Using the RefGetClient to interact with a Sequence Collections API

Introduction

The refget Python package contains an object called RefGetClient that provides a simple Python API for interacing with a remote refget server. It is capable of interacting either with a Refget Sequences API, or a Refget Sequence Collections API. Here, we will demonstrate how to use it to interact with a Sequence Collections API.

Tutorial

Instantiate a RefGetClient object by giving it the base URL to the API.
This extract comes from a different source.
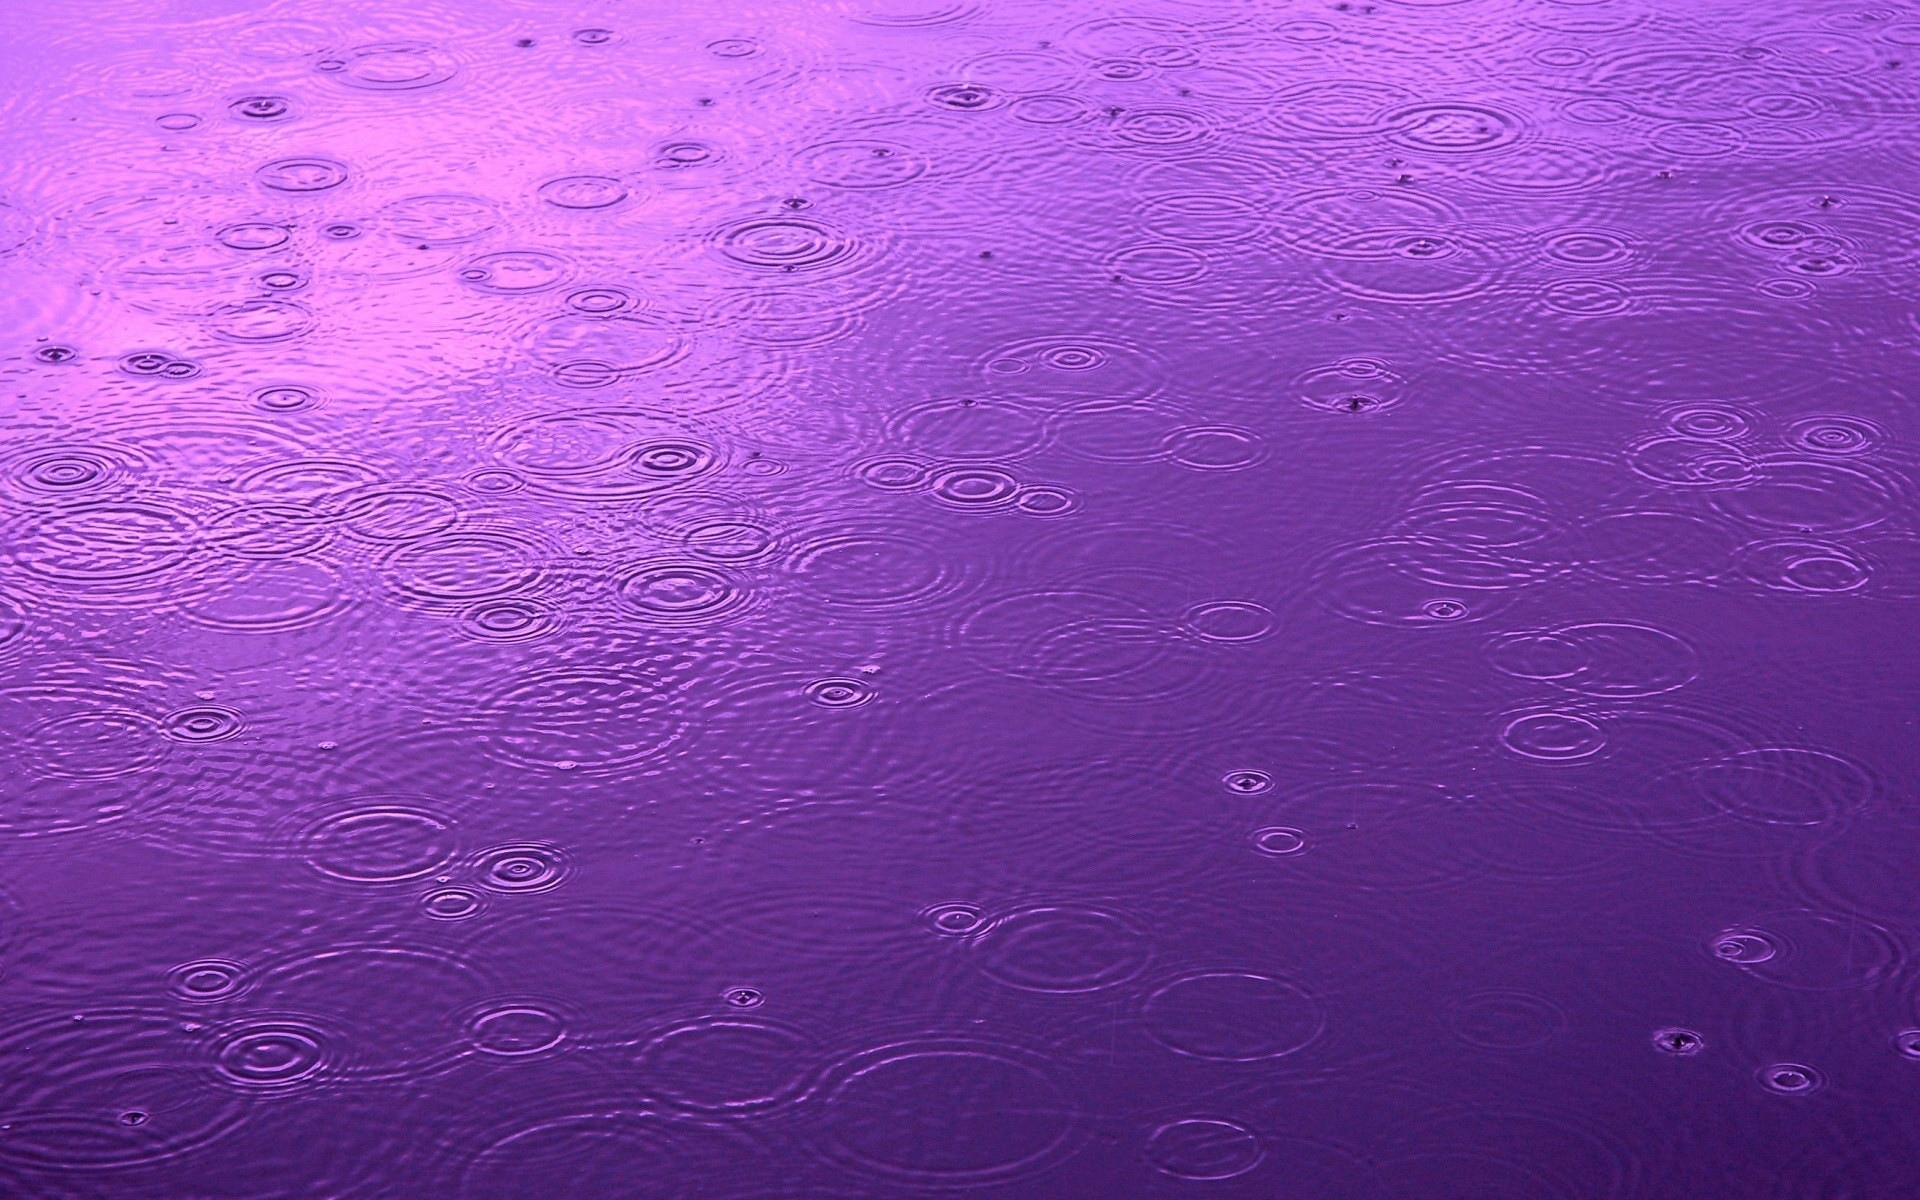 66 Raindrop HD Wallpapers Backgrounds - Wallpaper Abyss

from refget import RefGetClient

rgc = RefGetClient()  # This will use default API URLs
rgc = RefGetClient(seqcol_api_urls=["https://seqcolapi.databio.org"], seq_api_urls=None)  # Use the demo seqcolapi instance

Now, you can interact with this object to run any of the API functions Check what's available

rgc.list_collections(page_size=5)

Retrieve a collection:

seqcol = rgc.get_collection("fLf5M0BOIPIqcfbE6R8oYwxsy-PnoV32")
seqcol
# {'lengths': [8, 4, 4],
#  'names': ['chrX', 'chr1', 'chr2'],
#  'sequences': ['SQ.iYtREV555dUFKg2_agSJW6suquUyPpMw',
#   'SQ.YBbVX0dLKG1ieEDCiMmkrTZFt_Z5Vdaj',
#   'SQ.AcLxtBuKEPk_7PGE_H4dGElwZHCujwH6'],
#  'sorted_name_length_pairs': ['IWFt7HQ4XoMk34U27BKO-4szSRifP6H5',
#   'chDD8A4S8YZKNNctCimHasAA2Dn596SZ',
#   'enZNOGccwFbN9yJ3YZVifFTFCVA9hIpH']}

Get a list of collections that have a certain digest for an attribute:

l = rgc.list_collections(page=1, page_size=2, attribute="lengths", attribute_digest="cGRMZIb3AVgkcAfNv39RN7hnT5Chk7RX")

List all available values of a specific attribute:

a = rgc.list_attributes("lengths", page_size=3)

Compare two sequence collections:

rgc.compare("fLf5M0BOIPIqcfbE6R8oYwxsy-PnoV32", "MFxJDHkVdTBlPvUFRbYWDZYxmycvHSRp")

Here are some other examples using a different server API:

scclient = RefGetClient(seqcol_api_urls=["http://45.88.81.158:8081/eva/webservices/seqcol"])
seqcol_1 = scclient.get_collection("3mTg0tAA3PS-R1TzelLVWJ2ilUzoWfVq", level=1)
seqcol_2 = scclient.get_collection("3mTg0tAA3PS-R1TzelLVWJ2ilUzoWfVq", level=2)

Now that you have the seqeuence digests, if you gave the client a sequences API URL, you could also retrieve the actual sequences like this (optional):

rgc = refget.RefGetClient(seq_api_urls=[]"https://www.ebi.ac.uk/ena/cram/sequence/"])
rgc.get_sequence(seqcol['sequences'][0])

Debugging

If you want, you can upgrade the logging level for debug code

_LOGGER = logging.getLogger(__name__)
_LOGGER.setLevel("DEBUG")